Reputation: 7682
I'm getting this error from lambda: errorType":"Runtime.UnhandledPromiseRejection","errorMessage":"Error: Unable to stringify response body
I'm trying to trigger my lambda from an upload in s3 (this part is working) and then that should post something into dynamoDB
here is my lambda in full
var AWS = require('aws-sdk');
var S3 = require('aws-sdk/clients/s3');
const s3 = new AWS.S3()
var DynamoDB = new AWS.DynamoDB.DocumentClient();
exports.handler = async (event) => {
// TODO implement
var bucket = event['Records'][0]['s3']['bucket']['name']
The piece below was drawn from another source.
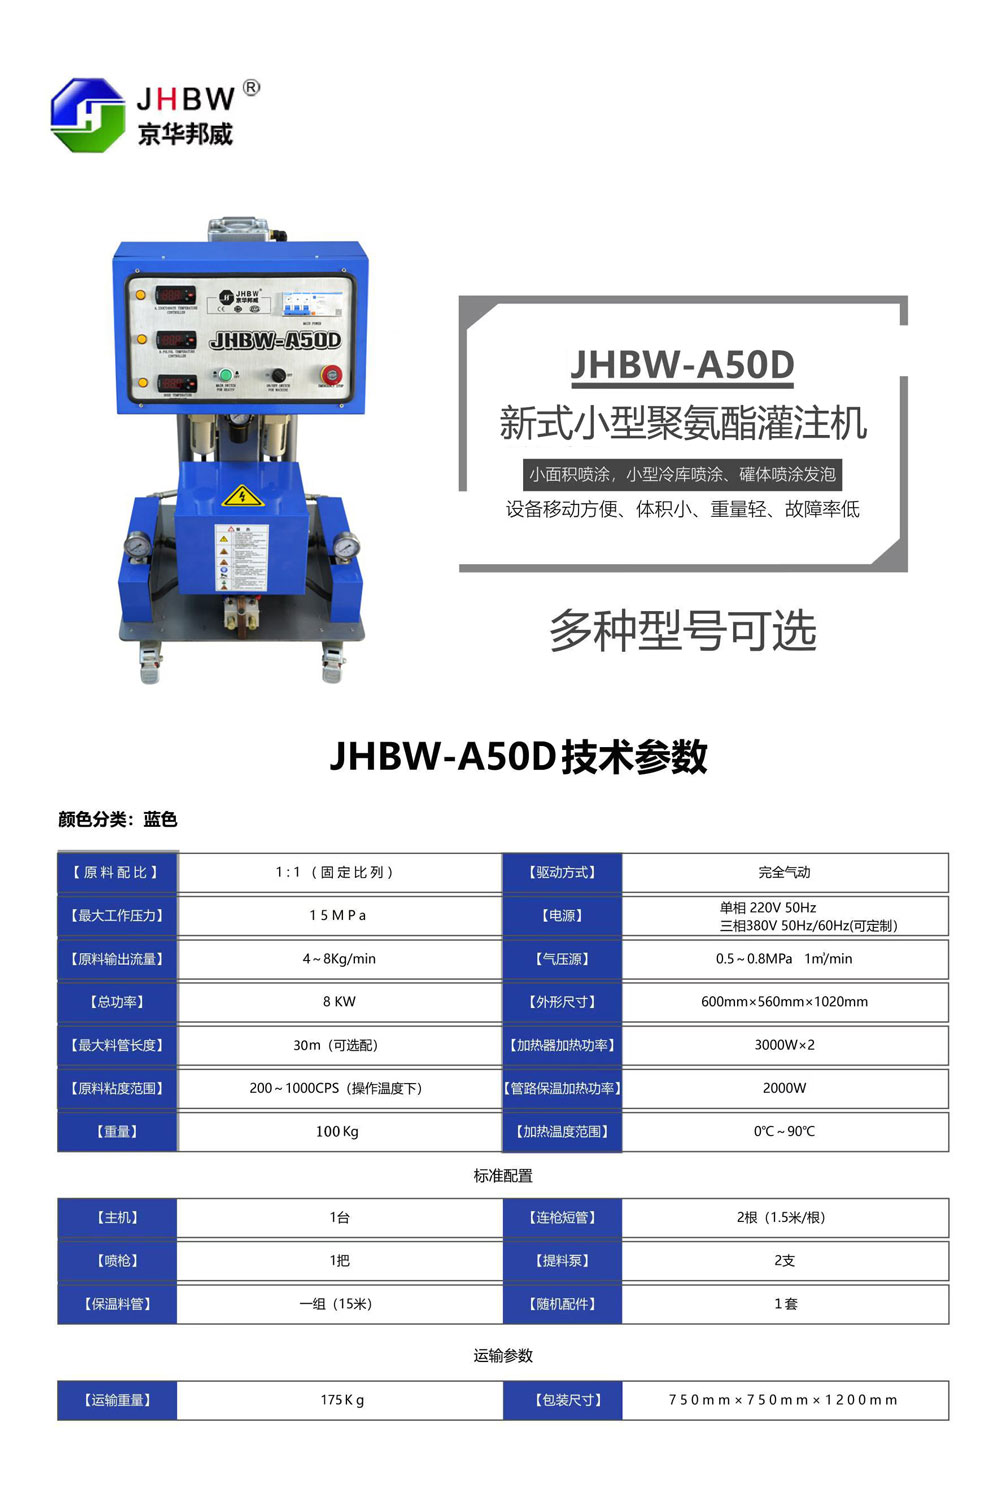 JHBW-A50D聚氨酯喷涂设备

var json_file_name = event['Records'][0]['s3']['object']['key']
var params = {
Bucket: bucket,
Key: json_file_name
};
const data = await s3.getObject(params).promise();
const dataToDb = data.Body.toString('utf-8');
console.log(dataToDb, 'TESTING ====')
var dbparams = {
TableName: "MY-TABLE-NAME",
Item: dataToDb,
};
const putIntoDB = await DynamoDB.put(dbparams, function (err) {
if (err) {
console.log(err, 'er===');
}
else {
console.log(dbparams, 'db====')
}
});
return putIntoDB
};
the data that is coming from s3 is just a simple json object with 4 keys so nothing big at all.
my table consists of just a primary key called user_id
and that field IS in my json object that comes back from S3 so no idea why this isn't working?
Upvotes: 4
Views: 7026
Reputation: 7245
DynamoDB.put
is a callback and you are trying to await
on it, so this will never work. You should chain the .promise()
method just like you did with your s3.getObject
call.
await DynamoDB.put(dbparams).promise()
If you want to handle errors, just wrap it in a try/catch
block:
try {
await DynamoDB.put(dbparams).promise()
} catch (e) {
console.log(e)
}
On top of that, you also need to feed the Item
attribute of your DynamoDB call with a JSON object, not with a string.
I am not sure what you get from s3, but converting it to a JSON object by using JSON.parse(dataToDb
) should do the trick given the data is a valid JSON object.
Upvotes: 8
Reputation: 1816
UTF-8 encoding is usually utf8
when used as an argument in node. I would start there.